Understand How CGT Works on Rental Property
When you sell a buy-to-let or second home, you’ll usually pay Capital Gains Tax on the profit.
You’re taxed on the gain, not the sale price:
- Gain = Sale price – Purchase price – Allowable costs
- You get a £3,000 CGT allowance for 2025/26
- Anything above that is taxed at:
- 18% if you’re a basic rate taxpayer
- 24% if you’re a higher or additional rate taxpayer
- 18% if you’re a basic rate taxpayer
Tip 1: Sell in a Low-Income Year
This is one of the most overlooked strategies.
If you’re approaching retirement, taking time off, or reducing your hours, your income may fall — and so might your CGT rate.
✅ Basic rate taxpayers only pay 18% CGT on property.
If you wait until you’ve stopped working full-time, you could save thousands.
Tip 2: Use Two Tax Years, Not One
The CGT allowance resets every April.
If you own more than one property, consider:
- Selling one property in March
- Selling the next in April (new tax year)
That gives you two allowances (£6,000 in total), and helps spread the gain.
Tip 3: Time It Around Repairs and Void Periods
If your tenant has just moved out and the property needs work:
- Use that time to get it ready for sale
- Doing it while empty may allow you to market it better
- And you won’t be disrupting a sitting tenant
Also, timing the sale to avoid having a tenant mid-contract gives you more control and can boost your sale price.
Tip 4: Don’t Let Emotion Drive the Decision
Some landlords rush to sell because they’re frustrated.
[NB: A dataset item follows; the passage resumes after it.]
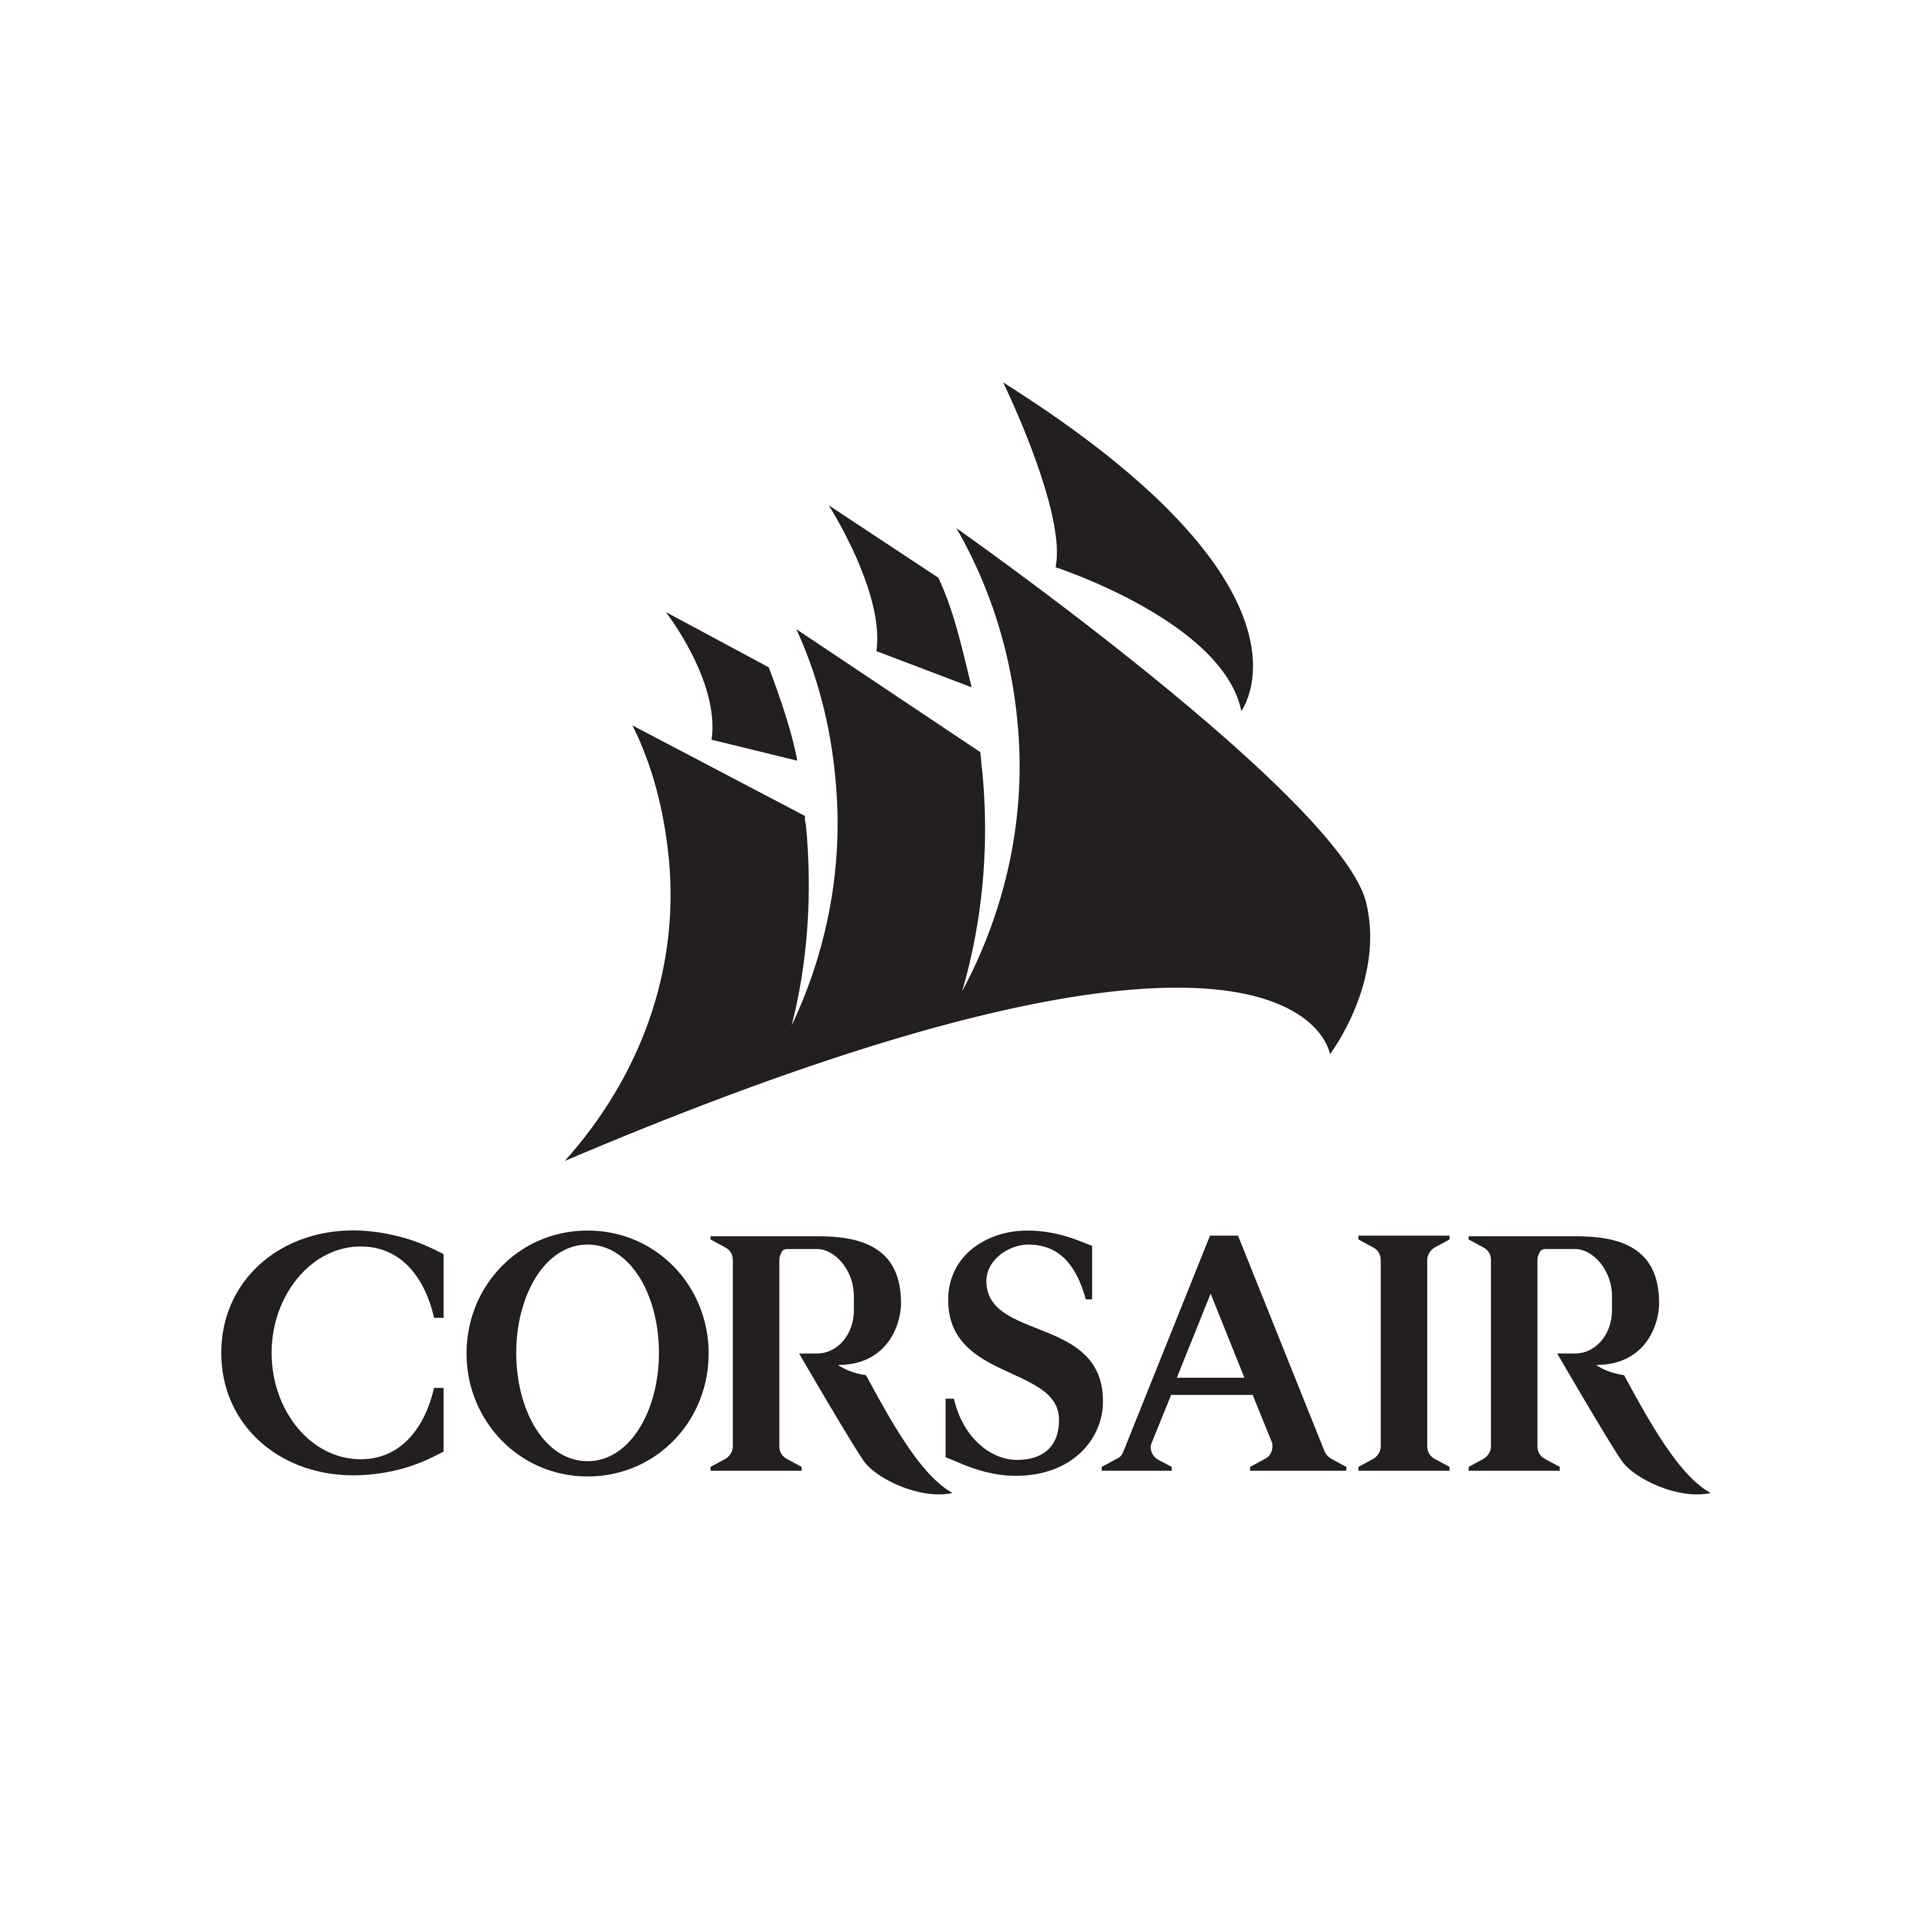 Corsair Transparent Image

Others hold on because they’re too attached.
Neither is a tax strategy.
Look at the numbers:
- What’s your likely gain?
- Can you offset it with other losses?
- Do you have improvement receipts?
- What’s your current tax band?
🎥 Prefer to watch? Here’s a quick video where I explain when to sell a rental property — and how to avoid unnecessary Capital Gains Tax.
Related Reading
If you’re unsure how CGT works, read our full breakdown here: Capital Gains Tax on Property – What You Need to Know
Final Thoughts
There’s no “perfect” month to sell a rental — but there are smart timing decisions that can reduce your CGT.
If you’re planning to sell, don’t do it without understanding the tax impact.